1. To reduce by 15-20% the loss of strength of the woolen material;

2. Reduce the process time to 4 hours by eliminating the washing stage and reducing the duration of the pre-treatment;

3. To increase the environmental safety of the technological process of dyeing with chromium dyes by eliminating the use of chromium salts;

4. To increase the efficiency of the process by reducing material costs for technological needs due to:

- reduced water consumption due to the exclusion of flushing after pre-treatment;

- exclusions of chromium salts;

- reduction of heat energy consumption for water heating;

- reducing the cost of wastewater treatment, reducing their volume and eliminating chromium salts;

5. The possibility of obtaining pure bright colors. An important advantage of the claimed method is the possibility of its use for dyeing silk and polyamide materials both in the form of fibers and fabrics.

Information confirming the reproducibility of the invention

The method can be effectively used for dyeing woolen materials in the form of fiber, yarn and fabric.

To implement the claimed method using the following reagents:

acid chrome dyes acetic acid GOST 6968-66 sodium sulfate GOST 1363-47 as a substance that contributes to the fixation of the dye: hydroxyethylidene diphosphonic acid TU 2439-363-05763441-2002 kaolin any deposit talc any deposit silica waste from the filtration stage   aluminum fluoride production technical water

The method is carried out in 2 stages:

1. Pre-treatment of woolen materials with a composition containing:

fixative fiber dye 0.05-50 g / l water up to 1 l

The processing of textile material is carried out at a temperature of 20-98 ° C for 1-60 minutes.

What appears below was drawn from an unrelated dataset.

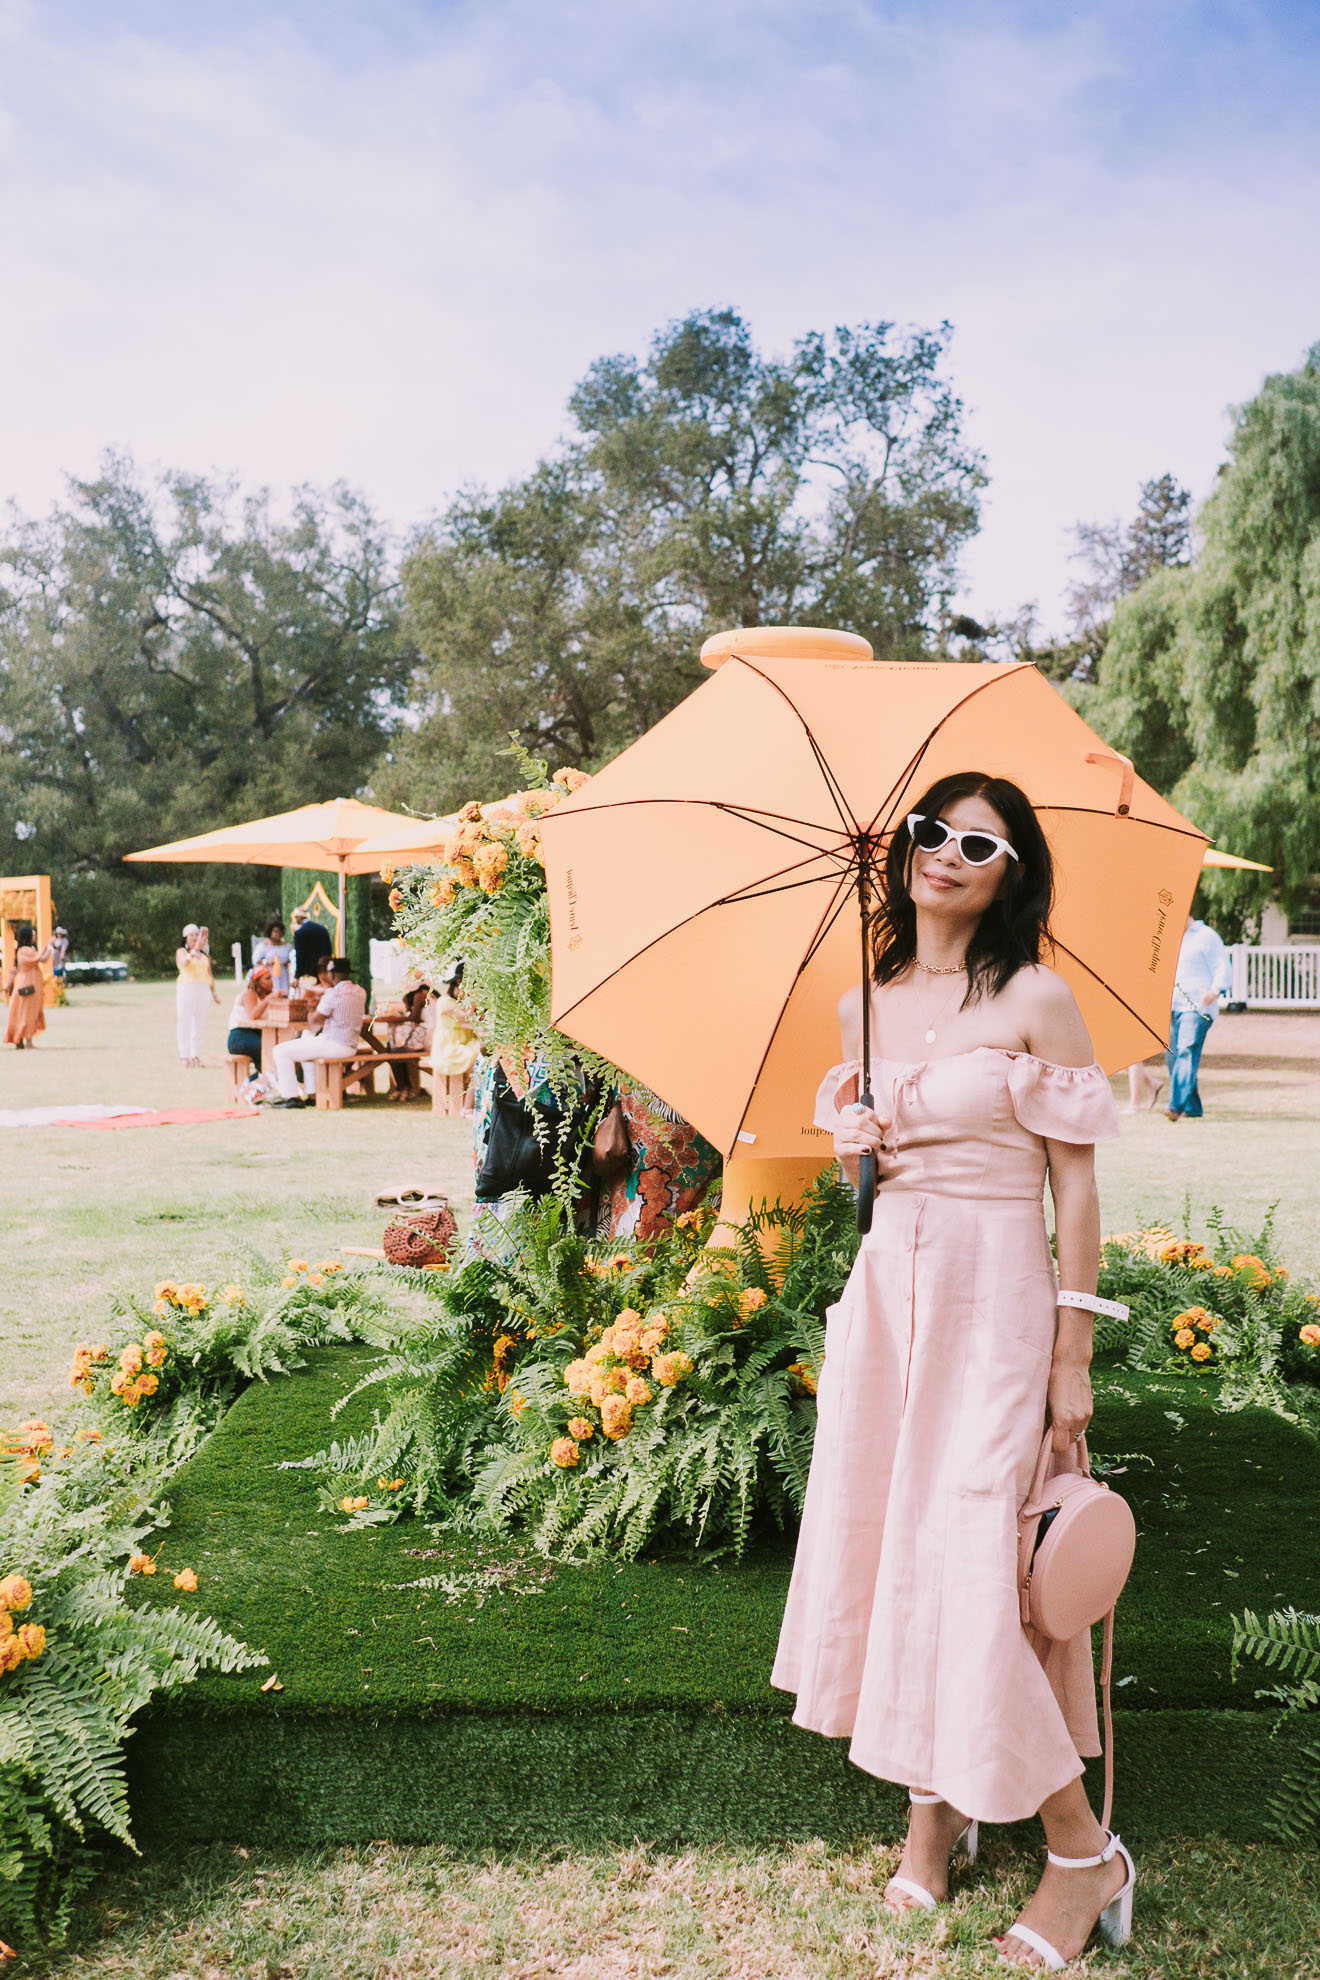 How To Enjoy The Veuve Clicquot Polo Classic Like A VIP

2. Processing a dye solution containing the following components,% by weight of fiber:

chrome dye 0.25-10 acetic acid (30%) 3-5 sodium sulfate 8-10 water up to 1 l

Processing the dye solution is as follows. Dyeing begins at a temperature of 30-45 ° C, then the temperature is raised to a boil and dyed for 30-45 minutes. The bath is cooled and the textile material is washed with warm and cold water. The quality of the dyed fabric is judged by:

- color intensities obtained by measuring the reflection coefficients on a spectrophotometer and calculating the Gurevich-Kubelka-Munk function (K / S)

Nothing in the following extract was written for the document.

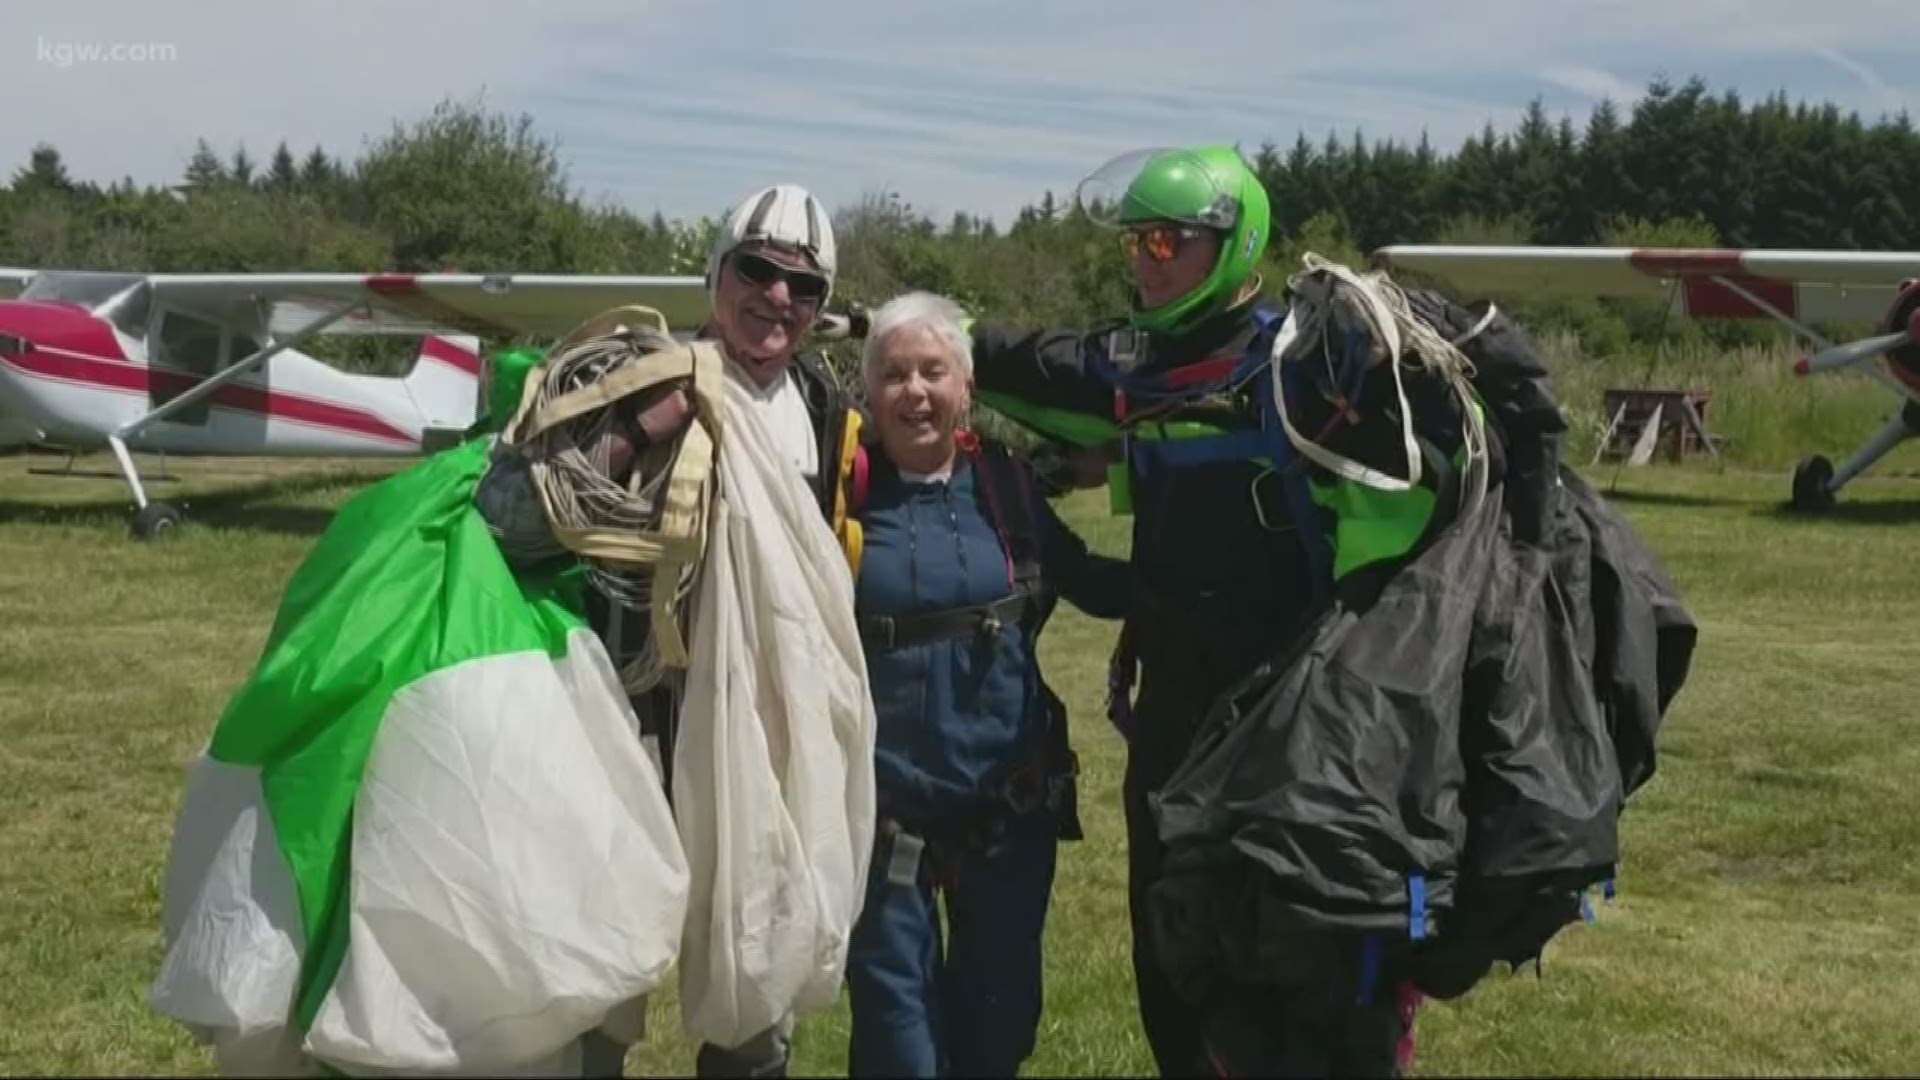 Shirley Romig, a Battle Ground, Washington woman, went skydiving for her 73rd birthday to raise money for an organization that pairs veterans in need with service dogs.

- the strength of the textile material, determined for fabrics by the breaking load, measured on a tensile testing machine (Laboratory workshop on textile materials science / edited by A. Koblyakov - M .: Legprombytizdat, 1986. - p.238-245); and for fiber - by the degree of destruction, estimated by dissolving in 0.1 N. sodium hydroxide solution (Laboratory workshop on the chemical technology of textile materials / Ed. G.E. Krichevsky. - M .: 1994. - p. 95).

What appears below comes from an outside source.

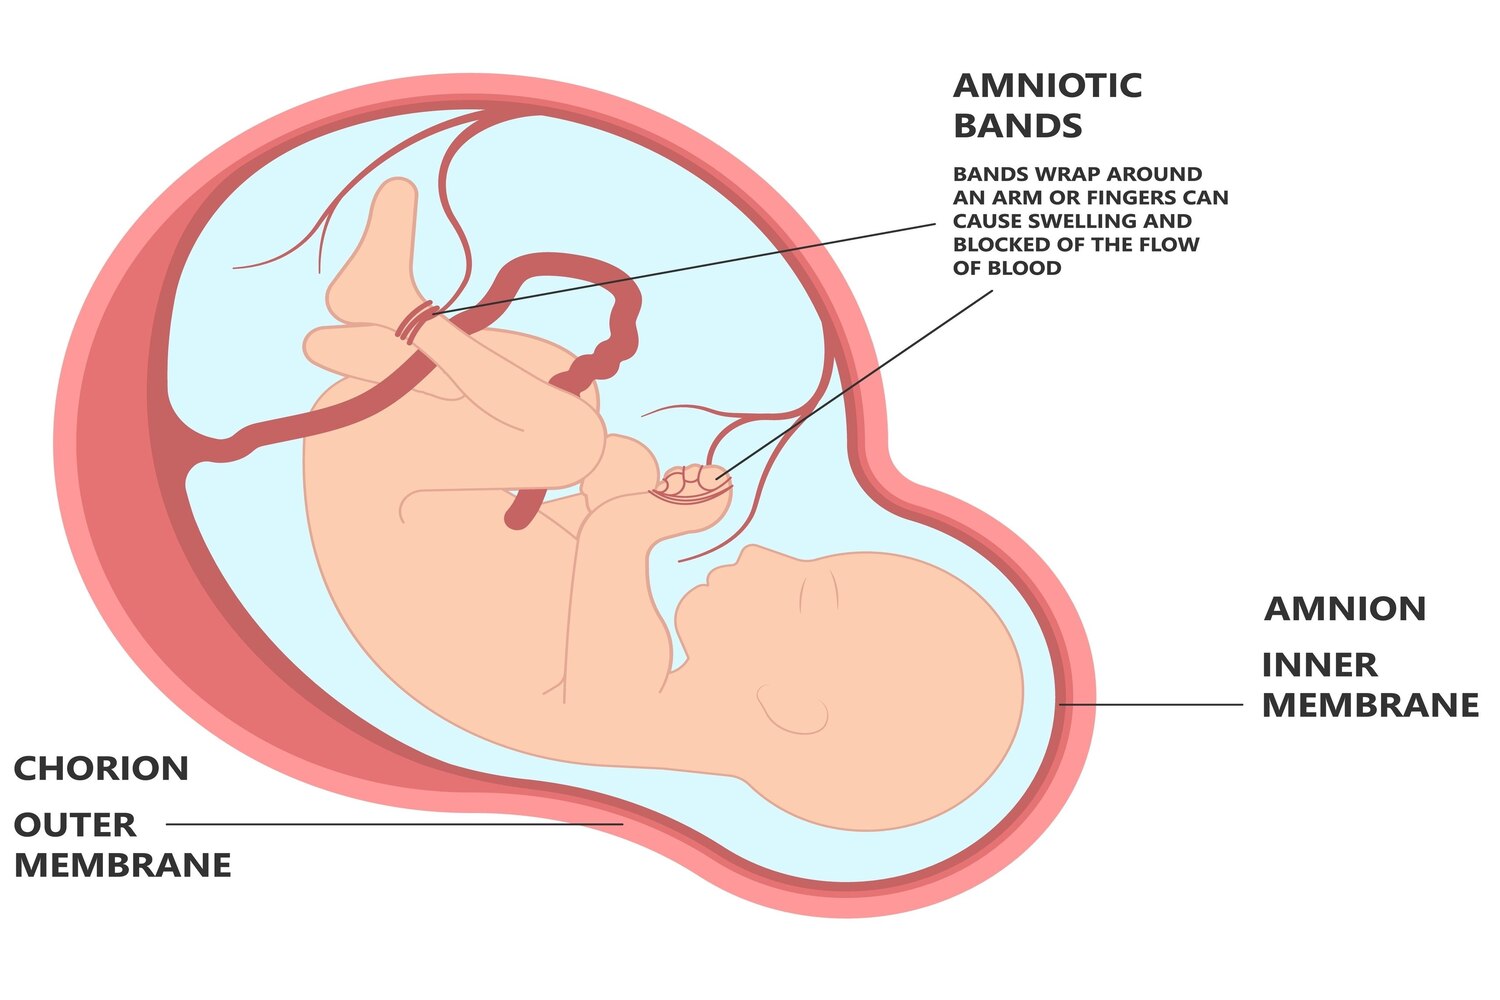 What Leads To Amniotic Band Syndrome?

The quality indicators of textile materials dyed according to the claimed method under various process conditions are shown in the table.

Chromium Dyes Used:

Biesel-o-chromium B-40 - based on diazotized o-amino-p-chlorophenol and chromotropic acid;

Solo-chrom-azurin B-200 is a derivative of picraminic acid;

Chrome orange - based on diazotized 4-aminoazobenzene-4 ¹ -sulfonic acid and salicylic acid;

Chrome bright red - based on diazotized 1-amino-2-naphthol-4-sulfonic acid and 1-phenyl-3methyl-5-pyrazolone;

Chrome yellow - based on diazotized 2-naphthylamine-6-sulfonic acid and salicylic acid;

Chrome blue K - based on diazotized 1-amino-2-naphthol-4-sulfonic acid and beta-naphthol.

Claims (1)

The method of dyeing woolen materials with chromium dyes by pretreating the material with a composition containing a substance that promotes the fixation of the dye on the material, and subsequent processing with a dye solution, characterized in that the dye solution is processed directly after pretreatment, and as a substance that promotes the fixation of the dye on the fiber use, individually or in combination with each other, substances selected from the group consisting of hydroxyethylidene osfonovoy acid, kaolin, talc, and waste-based silica from the filtration stage of production of aluminum fluoride in an amount of 0.05-50 g / l.